With an implicit user-defined type conversion operator, it's often not obvious when the operator is applied.
This doesn't been you shouldn't be defining type conversion operators at all, but you have to keep this in mind when designing your solution.
An easily discoverable, easily recognizable solution would be to define explicit conversion methods:
class Person { }
abstract class Student : Person
{
public abstract decimal Wage { get; }
}
abstract class Musician : Person
{
public abstract decimal Wage { get; }
}
class StudentMusician : Person
{
public decimal MusicianWage { get { return 10; } }
public decimal StudentWage { get { return 8; } }
public Musician AsMusician() { return new MusicianFacade(this); }
public Student AsStudent() { return new StudentFacade(this); }
}
Usage:
void PayMusician(Musician musician) { GiveMoney(musician, musician.Wage); }
void PayStudent(Student student) { GiveMoney(student, student.Wage); }
StudentMusician alice;
PayStudent(alice.AsStudent());
It doesn't sound as if your method would support a cross-cast. True multiple inheritance would.
An example from C++, which has multiple inheritance:
class A {};
class B {};
class C : public A, public B {};
C o;
B* pB = &o;
A* pA = dynamic_cast<A*>(pB); // with true MI, this succeeds
Then users will be able treat the derived type as the base type by using the duplicated methods directly, by assigning it to a variable of the base type, or by passing it to a method that takes the base type.
This will behave differently, however. In the case of inheritance, you're just passing your object. However, by implementing an implicit converter, you'll always be constructing a new object when the conversion takes place. This could be very unexpected, since it will behave quite differently in the two cases.
Personally, I'd make this a method that returns the new type, since it would make the actual implementation obvious to the end user.
Maybe I'm going too far off with this, but your use case sounds suspiciously as if it could heavily benefit from building on Rx (Rx in 15 Minutes).
Rx is a framework for working with objects that produce values.

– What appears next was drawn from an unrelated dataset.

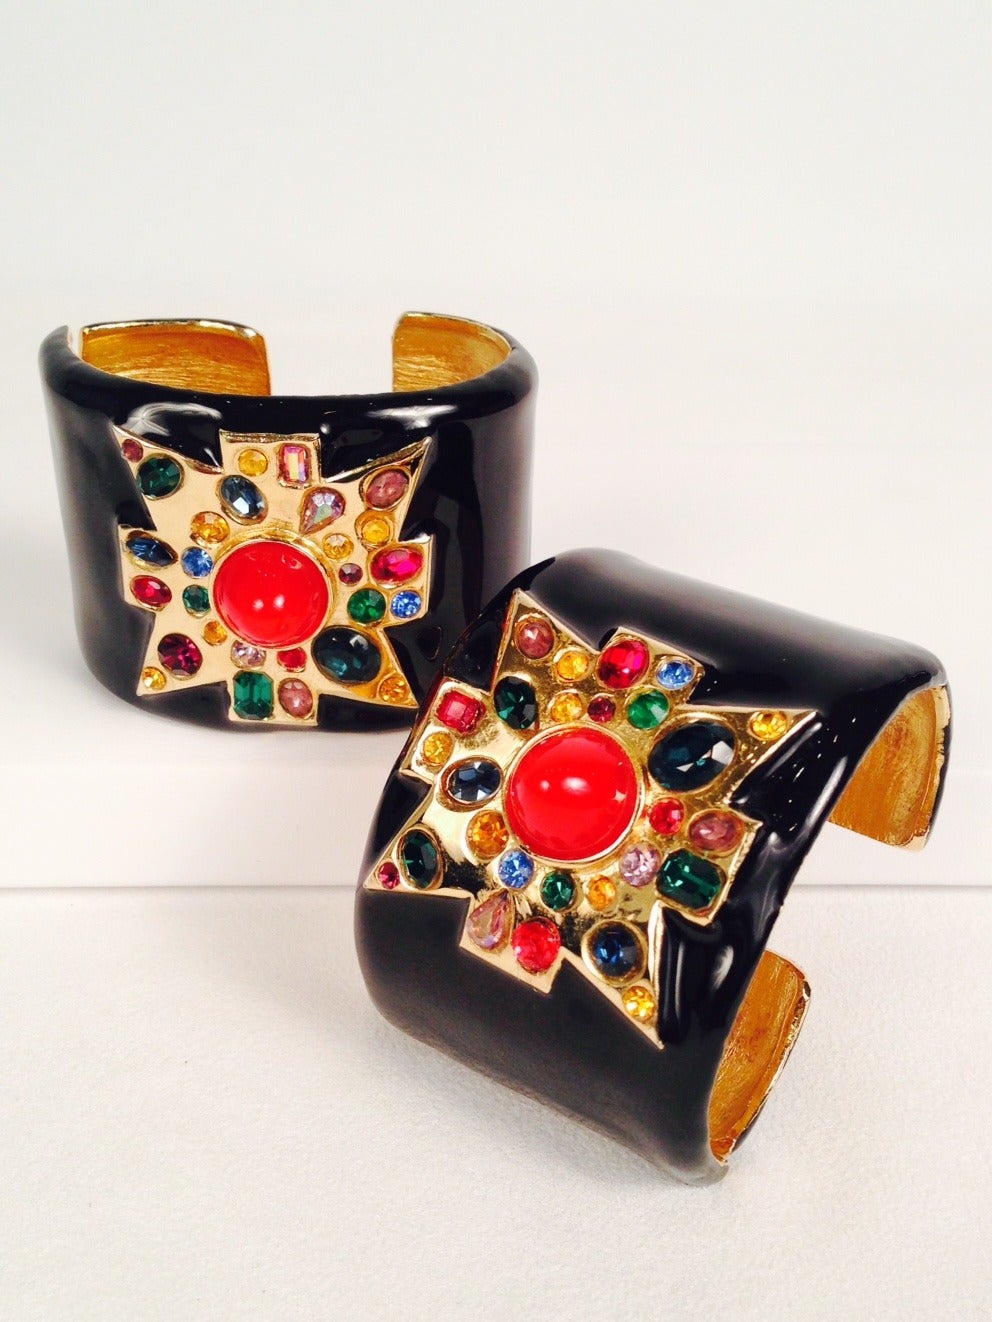 Kenneth Lane Black Enamel Cuff with Jeweled Maltese Cross pays homage to the Art Deco period and Jazz Age!  Features multi-colored faceted and cabochon stones and the most lustrous black enamel.  Side hinge allows for comfortable placement on wrist

It allows such objects to be composed in a very expressive way and to transform, filter and aggregate such streams of produced values.
You say you have a bar:
class Bar
{
double Open { get; }
double Low { get; }
double High { get; }
double Close { get; }
}
A series is an object that produces bars:
class Series : IObservable<Bar>
{
// ...
}
A moving average indicator is an object that produces the average of the last count bars whenever a new bar is produced:
static class IndicatorExtensions
{
public static IObservable<double> MovingAverage(
this IObservable<Bar> source,
int count)
{
// ...
}
}
The usage would be as follows:
Series series = GetSeries();
series.MovingAverage(20).Subscribe(average =>
{
txtCurrentAverage.Text = average.ToString();
});
An indicator with multiple outputs is similar to GroupBy.
This might be a stupid idea, but: if your design requires multiple inheritance, then why don't you simply use a language with MI? There are several .NET languages which support multiple inheritance. Off the top of my head: Eiffel, Python, Ioke. There's probable more.